The trailing numbers are references to the nodes passed into the node transformers. The values are arbitrary. They serve the single purpose of grouping the messages according to nodes. You might notice that in the trace displayed above the and_test:728 block resides within the and_test:632 block.

Examples:


class LangletTransformer(Transformer):
    @transform_dbg("ni cv r1")
    def expr(self, node):
        ...

    @transform_dbg("r>soco")
    def test(self, node):
        ...

    def raises(ln):
        if ln>1:
            raise ValueError("Only one output argument expected")
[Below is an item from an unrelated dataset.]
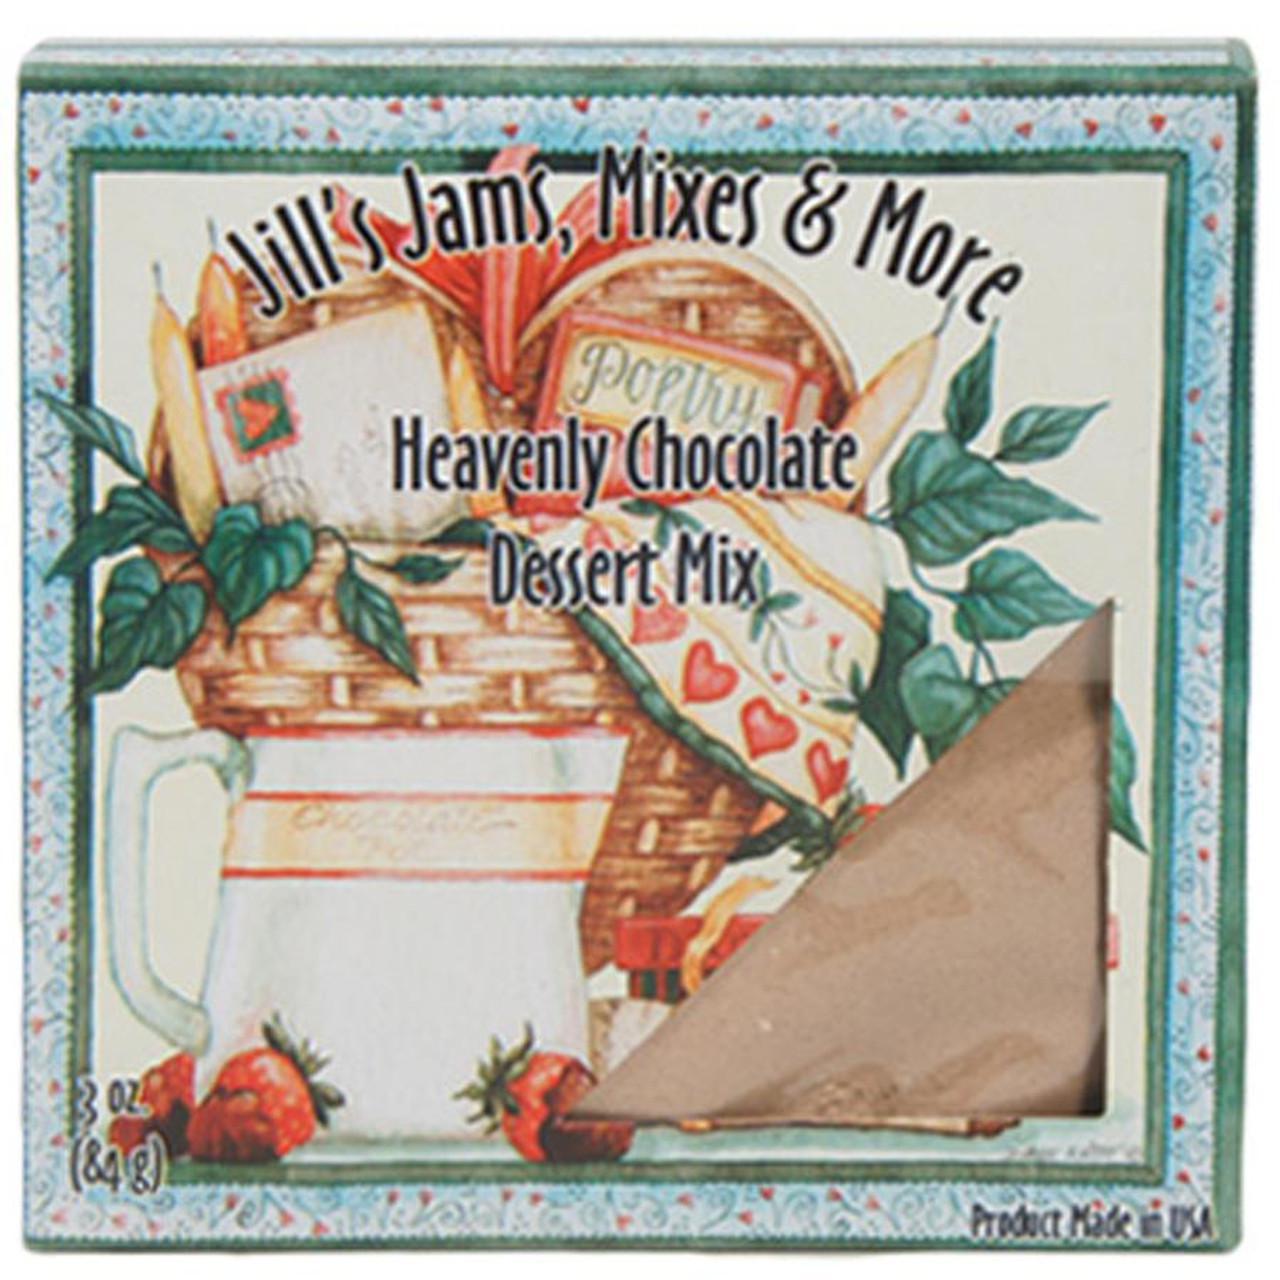 Jill's Jams, Mixes & More Heavenly Chocolate Dessert Mix

    @transform_dbg("r1,co", 'r1' = raises)
    def stmt(self, node):
        ...

   
@transform  
    @t_dbg("sn si", cond = lambda node, **locals: locals.get("line",-1)>=0)
    def and_test(self, node, line = -1, idx = 0):
        ...


 

6. Discussion

6.1 Caveats

  • lnotab. Some code transformations confuse line recovery. The creation of the line-number-table ( lnotab ) is based on constraints that can be violated occasionally ( monotonicity violation ). This problem affects any kind of code generator for CPython not only that of EasyExtend. As a consequence line number information is not reliable and sometimes the runtime reports completely bogus line number references for some exception. The deeper cause is that the ( Python 2.4 ) compiler uses a mixture of line number inormation provided by the parser in the parse tree and own reconstruction rules that apply while bytecode compilation. All this is feeded into a very clever and dense encoding scheme of lnotab that assigns line numbers to bytecodes. This problem is rather serious and the only known workaround is to unparse the transformed CST into Python source code and debug this one.
  • Speed !!!. I was surprised that the new tokenizer was rather slow when tokenizing Python. It wasn't surprising that it was slow compared to the formerly used C and regular expression based tokenizer but compared to the Trail based parser that uses almost the same algorithm. The reason for this behaviour is the size of the transition tables for expanded NFAs. Since Pythons Grammar is LL(1) none of its NFAs is expanded. The complexity of Trail depends on the numbers and sizes of transition tables. Without them Trail conforms to an ordinary LL(1) parser. Unfortunately the biggest tables in case of the default tokenizer are also top-level ones with very high relevance. The worst case is also the most likely one. This already caused the introduction of two pivotal token which lead to more than 50% speedup. I consider a reimplementation of Trail in C++ with a C interface and ctypes bindings but unlikely before the Python prototype has been stabilized and tuned.
    • Remark ( EE 3.0 beta2 ): Trail scans ~9,000 chars/s on my 1.5 GHz notebook. 9.000 chars are about 220-250 LOC  including comments. This value already reflects usage of Psyco.

6.2 TODO now!

  • More consoletests. More bugfixes.

6.3 Beyond EasyExtend 3.0

Plans for EasyExtend 3.1 ( summer 2008? / Europython 2008 ? ):
  • exospace becomes an active transformation time persistence mechanism
  • macro langlet based on exospace persistence will be reintegrated
  • New features in Gallery and coverage
  • Trail optimizations. Reimplementation of the relevant parsing/tokenization algorithms in C++.
  • The status of cst.py is not yet clear. Since all currently available CST functions will be generated I see little use in seperating cst.py and cstdexx.py. I'm not sure about dropping them entirely and just throwing the functionality into csttools.py. The module is quite big altready so it might not be a good idea.
Plans for EasyExtend beyond 3.1 ( open ended )
  • Using enhanced grammar rules that enable specifications of exact numbers of repetitions.
  • Use grammar_langlet to define grammars interactively
  • After the cst-builder functions in the cst.py module have become obsolete in 3.1 I consider also making manually crafted AST shaped wrappers in cstgen.py obsolete and use a more declarative approach for wrapper generation. Looks like another attempt for a new langlet and a call for more Trail.